В памяти сразу же вспомнился страх Вейды, который я уловила, когда та заговорила о своей семье.
Интересно, в чем причина этого?
— Что-то не так, леди Квинси? —
Вот ведь какой внимательный! А впрочем, не думаю, что надо скрывать эту деталь. Вдруг она окажется полезной в предстоящем расследовании.
— Понимаете, мы с Вейдой немного побеседовали перед тем, как все случилось, — сказала я, решив быть максимально откровенной. — И мне показалось… Точнее, я почувствовала кое-что, когда она заговорила о родителях. Даже не страх, а какой-то ужас. Настоящую панику, способную переродиться в истерический припадок.
— Почувствовали? — с недоумением переспросил Филипп. — Как это? Она вам сказала, что боится родителей?
— Нет, что вы. — Я покачала головой. Глубоко вздохнула, набираясь решимости, и все-таки призналась: — Я, конечно, не темная ведьма. Но магический дар у меня все-таки есть. Я эмпат.
— Эмпат?!
Как ни странно, но в изумленном восклицании слились только два голоса — короля и Филиппа. А вот Дарриэль промолчал. Но, глядя мне в глаза, усмехнулся и многозначительно потер щеку.
— И очень хороший эмпат, — пробормотал тихо, себе под нос.
— Я три года обучалась в Королевской магической академии, — извиняющимся тоном продолжила я. — Но… Так сложились обстоятельства, что учебу пришлось прервать, и я вернулась домой.
— Три года? — непонятно почему оживился Филипп. — Другими словами, инициацию вы не прошли. Полагаю, по собственной инициативе?
И злорадно ухмыльнулся.
Ну да, понятно, о чем он подумал.
На инициации невозможно скрыть направленность твоего дара. Более того, зачастую это испытание открывает в тебе совершенно неизведанные прежде способности. Преподаватели не раз и не два втолковывали нам на занятиях, что на начальных курсах учиться надо всему, не отдавая предпочтению ни одному предмету. Потому что в истории академии было немало примеров, когда студент, явно тяготеющий к артефактологии, после инициации вдруг уходил на факультет некромантии. Или же прилежный зубрила, получающий одни пятерки по всем теоретическим курсам, вдруг оказывался неплохим боевым магом.
По логике Филиппа получается, что я специально ушла из академии накануне инициации, чтобы скрыть у себя дар темной магии.
Беда лишь в том, что он ошибается.
— Вы неправильно полагаете, — вежливо ответила я. И замолчала, поскольку не имела ни малейшего желания рассказывать о несправедливом исключении.
Глаза главы Тайной Канцелярии недоверчиво вспыхнули. Но, хвала всем богам, он не стал продолжать расспросы, прежде недовольно покосившись на Дарриэля.
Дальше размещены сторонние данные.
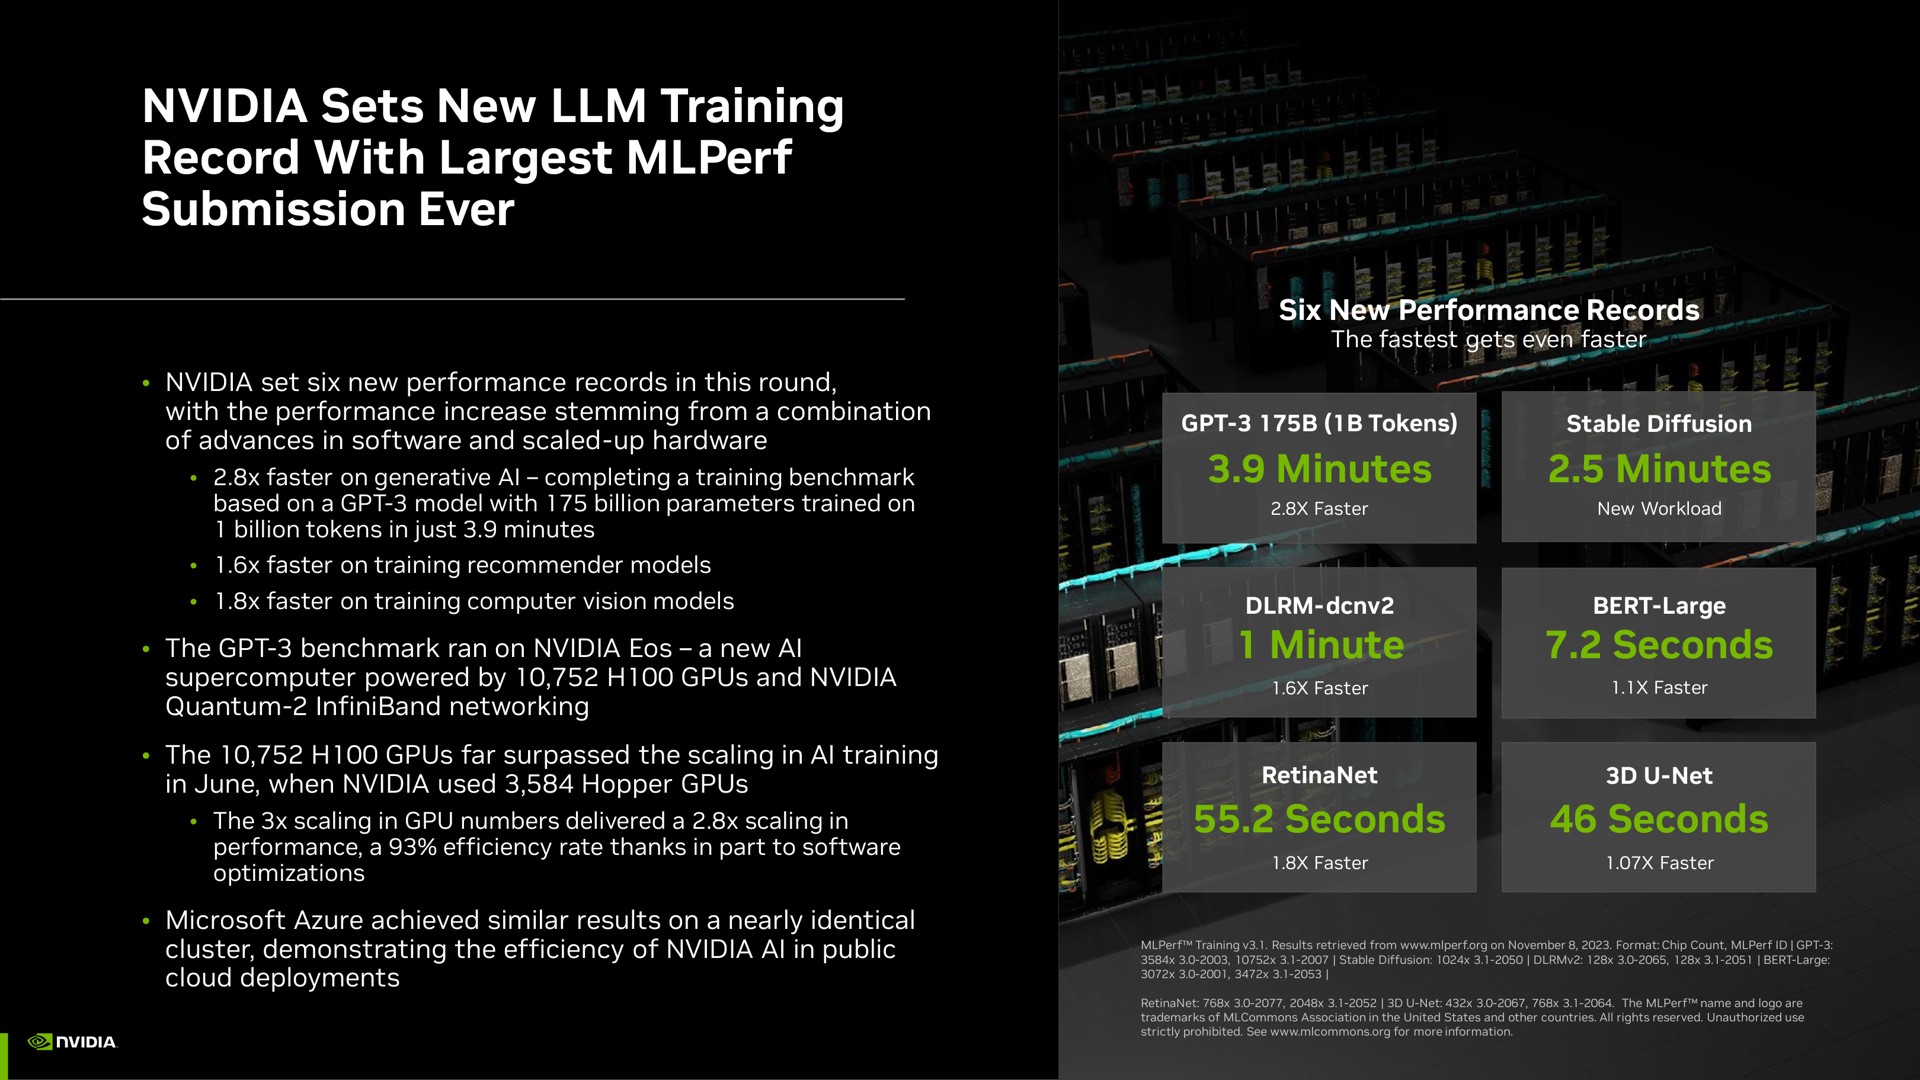 sets new training record with submission ever minutes minutes minute seconds seconds seconds i | NVIDIA

— Впервые слышу, что в семействе Торн есть какие-то проблемы, — задумчиво пробормотал король. — Впрочем, до сего дня я вообще как-то не интересовался этим родом. Помнится, пару раз я встречался с лордом Гейродом Торном. Но хоть убей не помню, о чем мы вообще беседовали. Вроде бы, о погоде. Какая-то очень серая и неприметная личность. А мать Вейды… Демоны, я вообще о ней ни разу не слышал! Разве она не умерла не так давно?
— Признаться честно, я тоже не особо осведомлен о делах рода Торн, — после недолгой паузы признался Филипп. — Каких-то скандалов, по крайней мере, точно не припомню. Но я прикажу подготовить мне доклад в кратчайшие сроки.
— Отлично, заодно и мне его покажешь. — Король удовлетворенно кивнул. — Однако, леди Квинси права, Дарриэль. Что мы скажем отцу Вейды, если тот вдруг примчится во дворец, услышав, что его единственная дочь опозорилась на балу?
— Я разберусь с этим, — твердо пообещал Дарриэль. — Поверь, Эйган, Гейрод Торн не станет искать свою дочь. По крайней мере, до окончания этой недели точно.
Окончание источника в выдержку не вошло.